▸ **ASSIGNMENT**:
Repeat the listing below in full and exactly. Pictures are to be omitted.
··· DATA EXCERPT
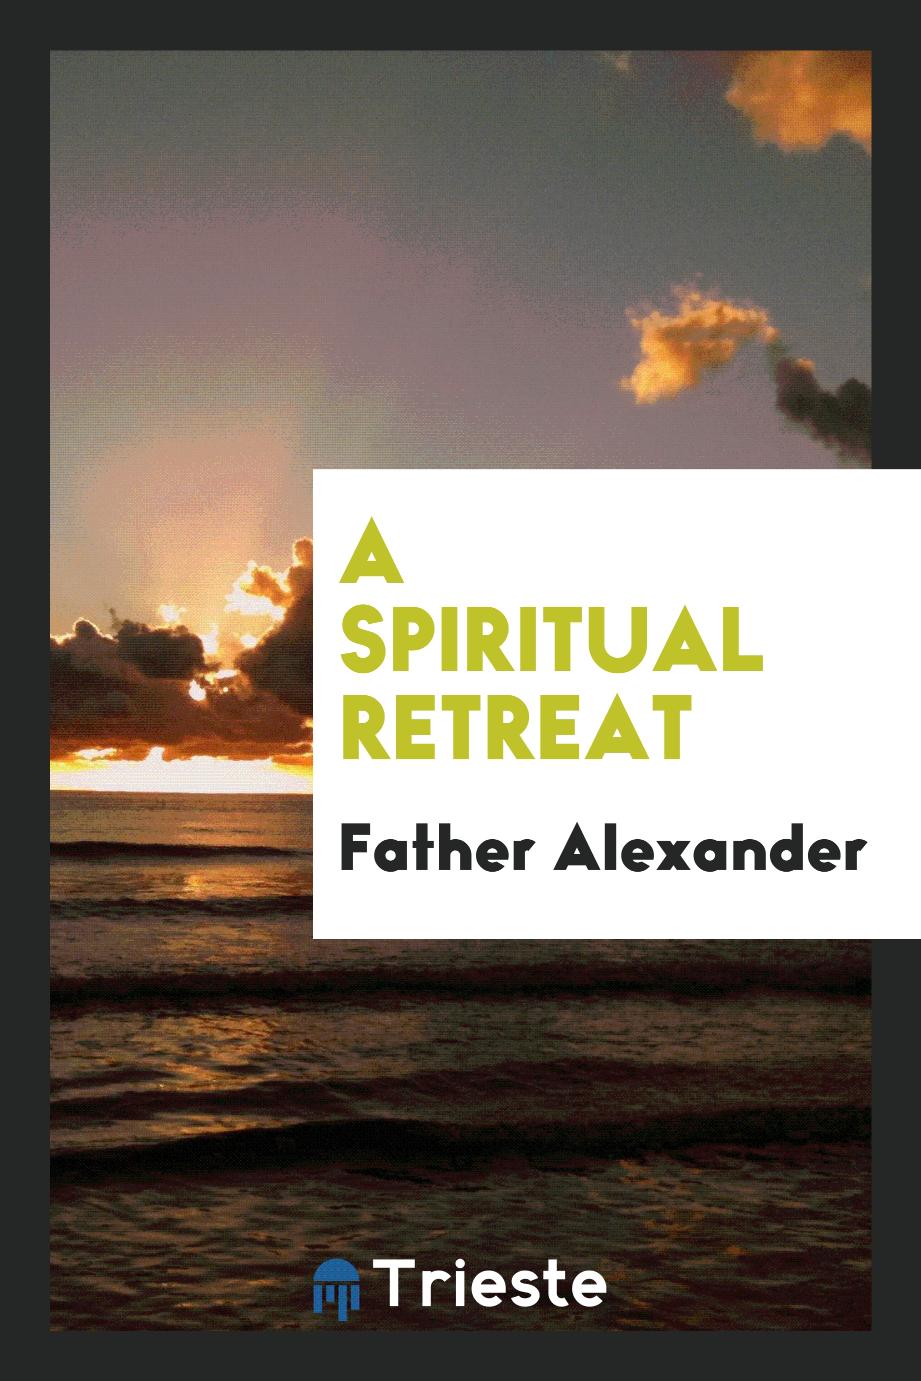 A spiritual retreat
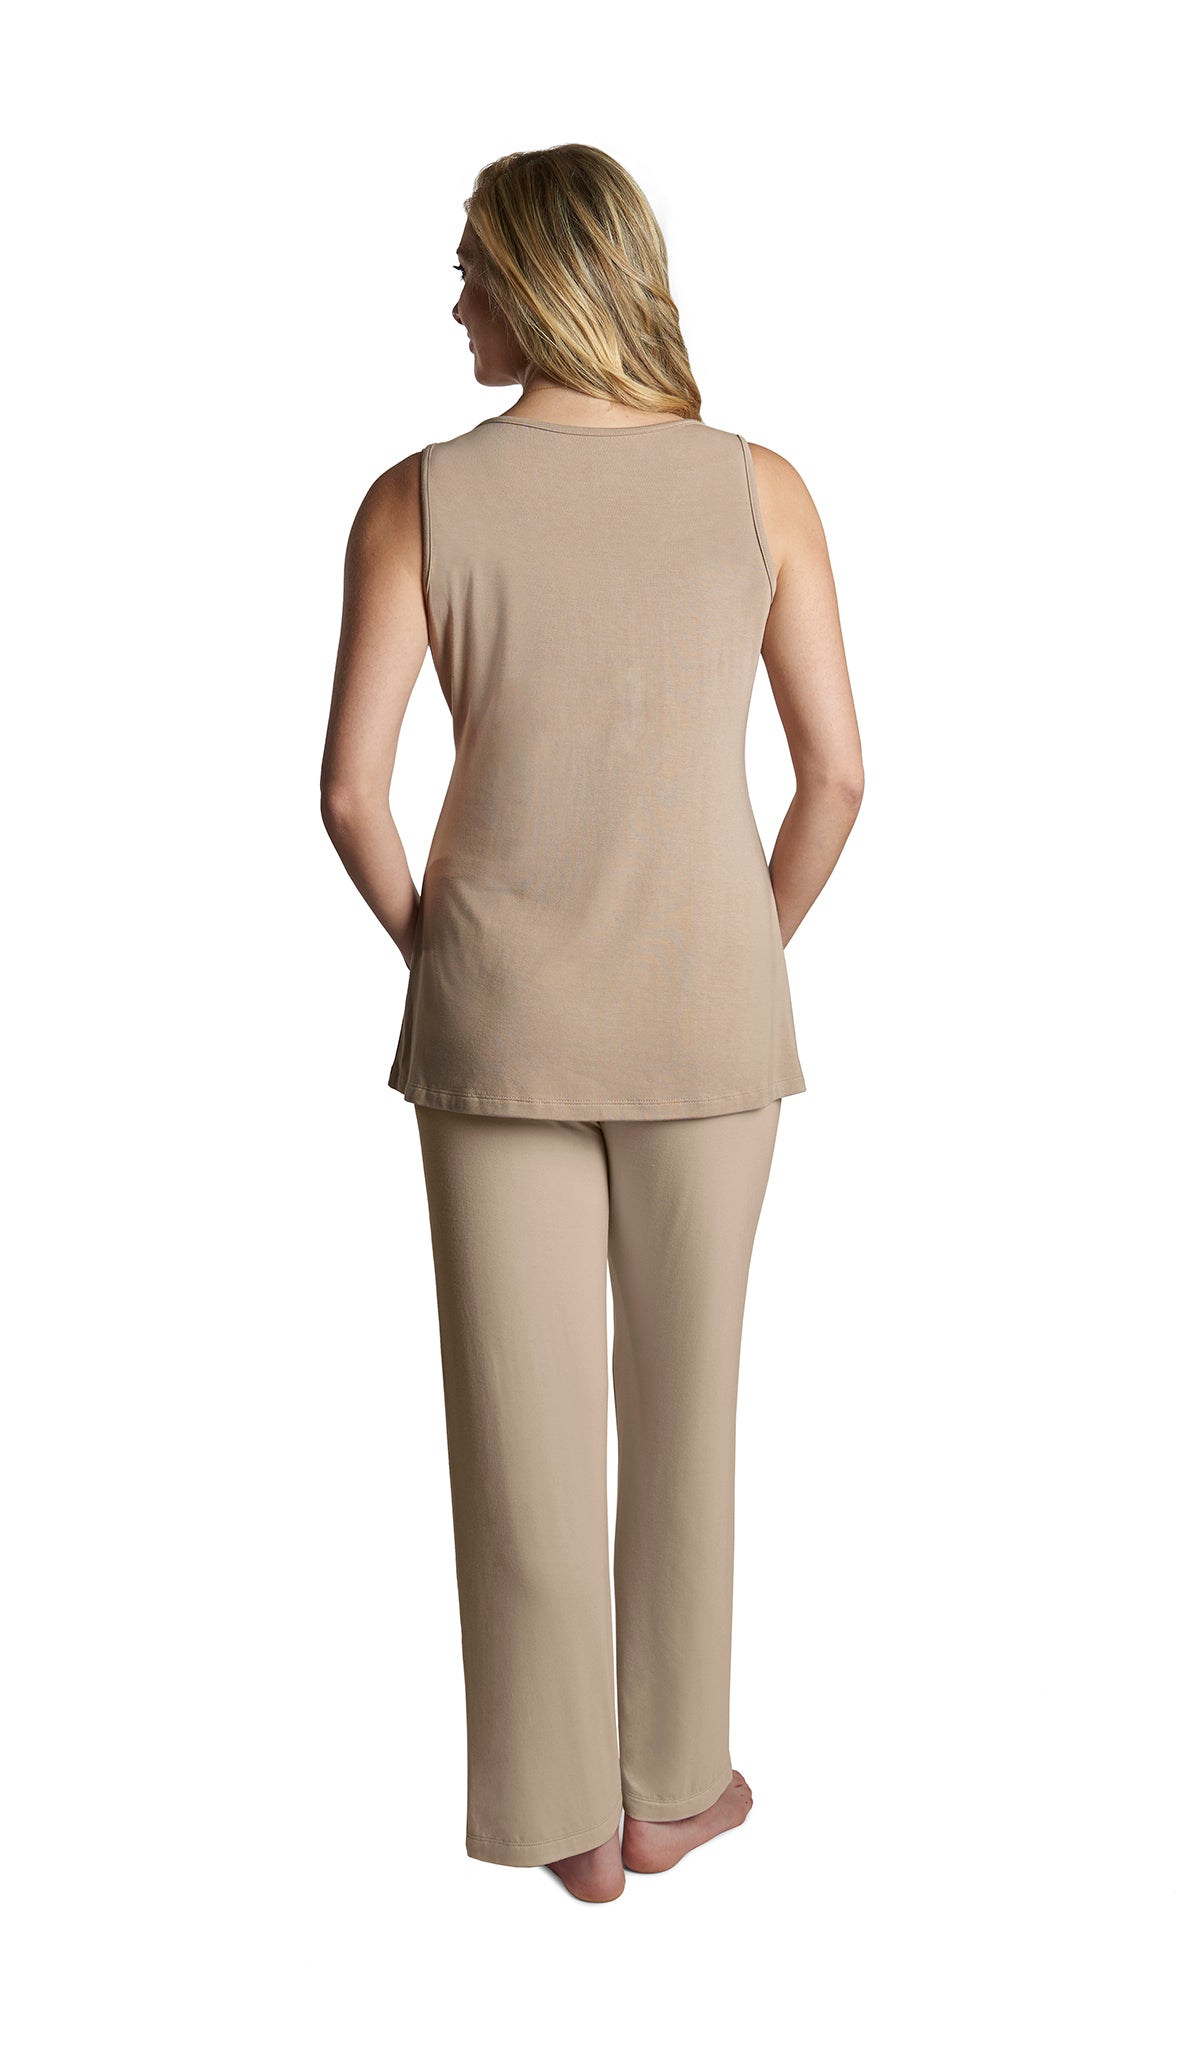 Latte Analise 3-Piece Set, back shot of woman wearing tank top and pant.
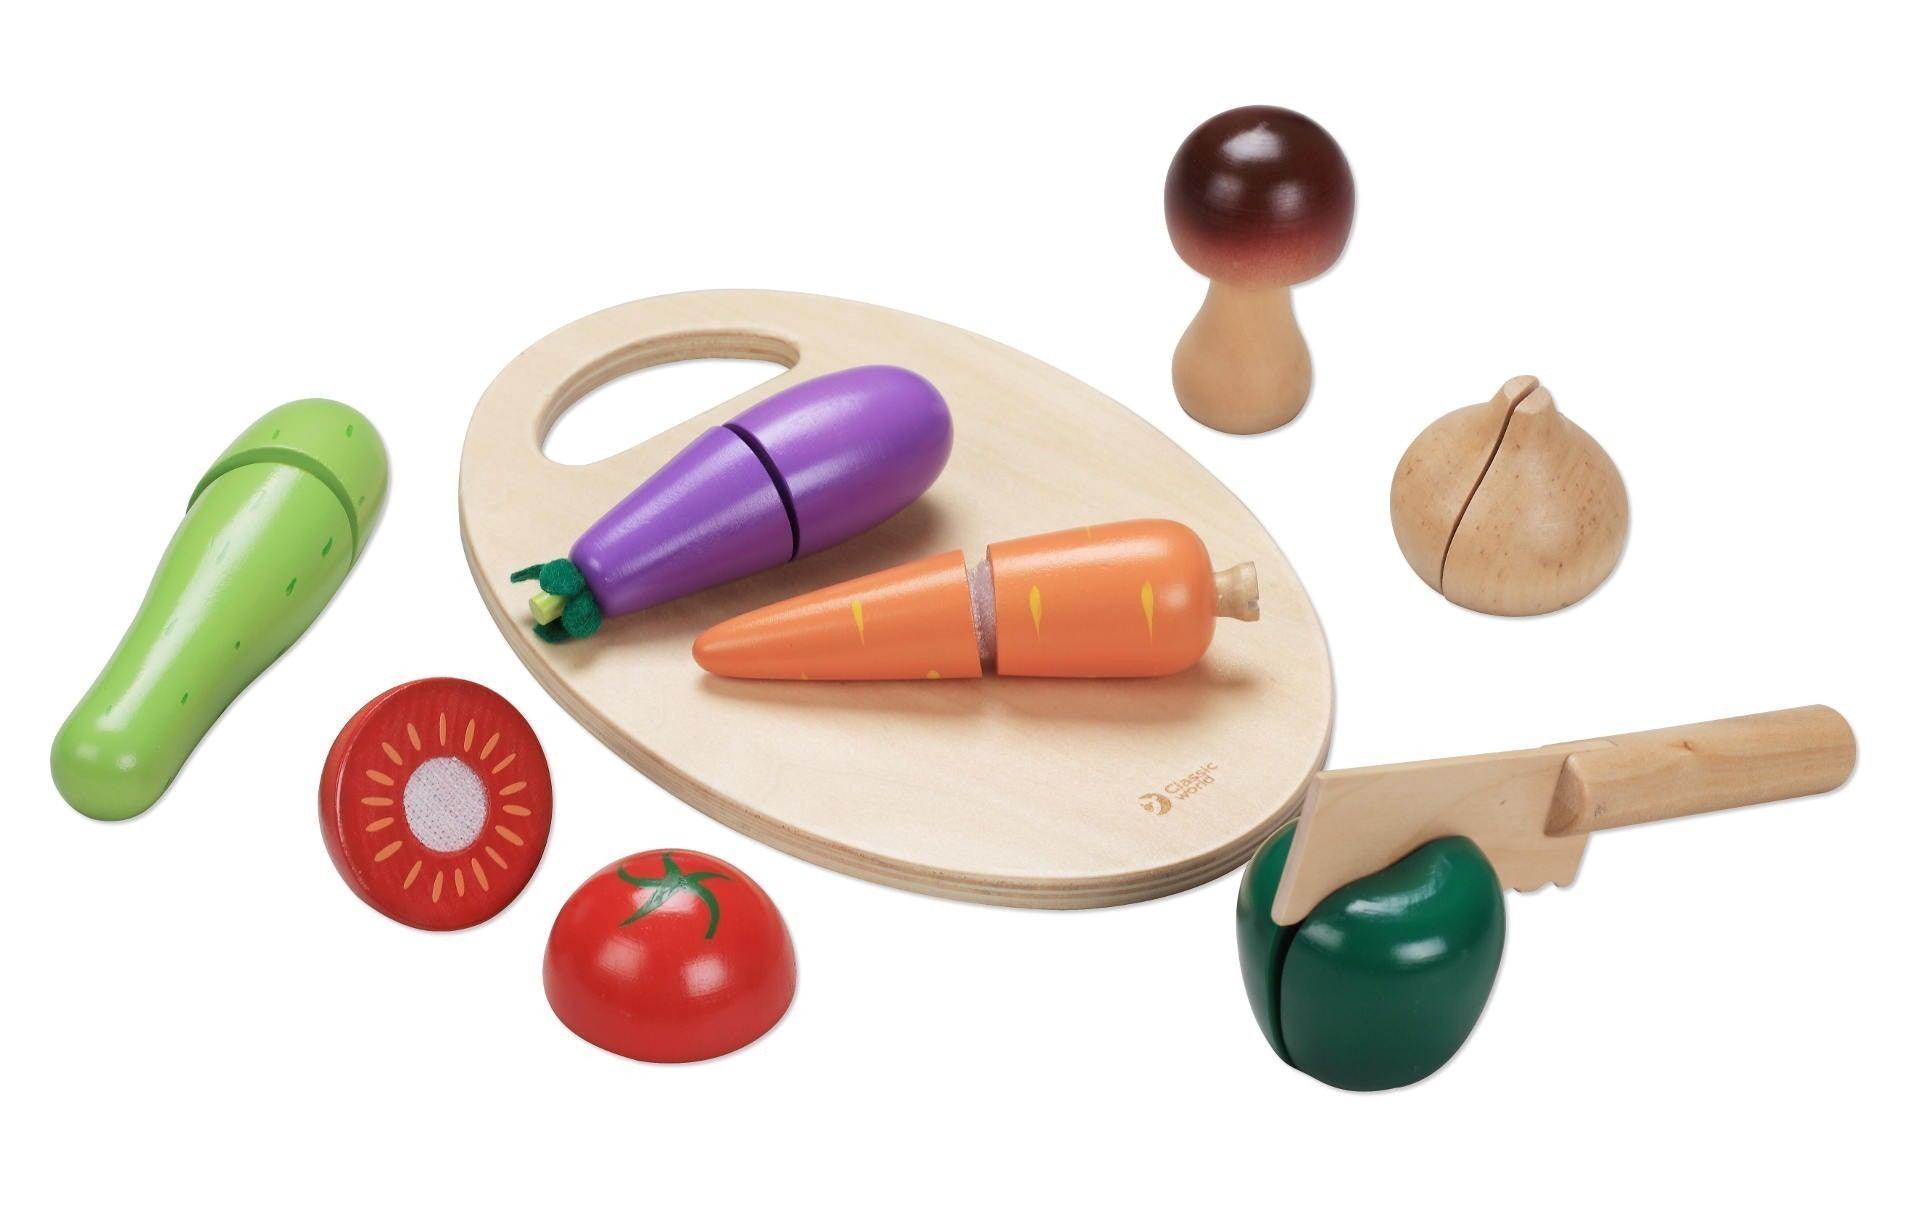 Children's Wooden Cutting Kit - Vegetables - MoonyBoon
······
▸ **ANSWER TO THE PROBLEM**:
 A spiritual retreat
 Latte Analise 3-Piece Set, back shot of woman wearing tank top and pant.
 Children's Wooden Cutting Kit - Vegetables - MoonyBoon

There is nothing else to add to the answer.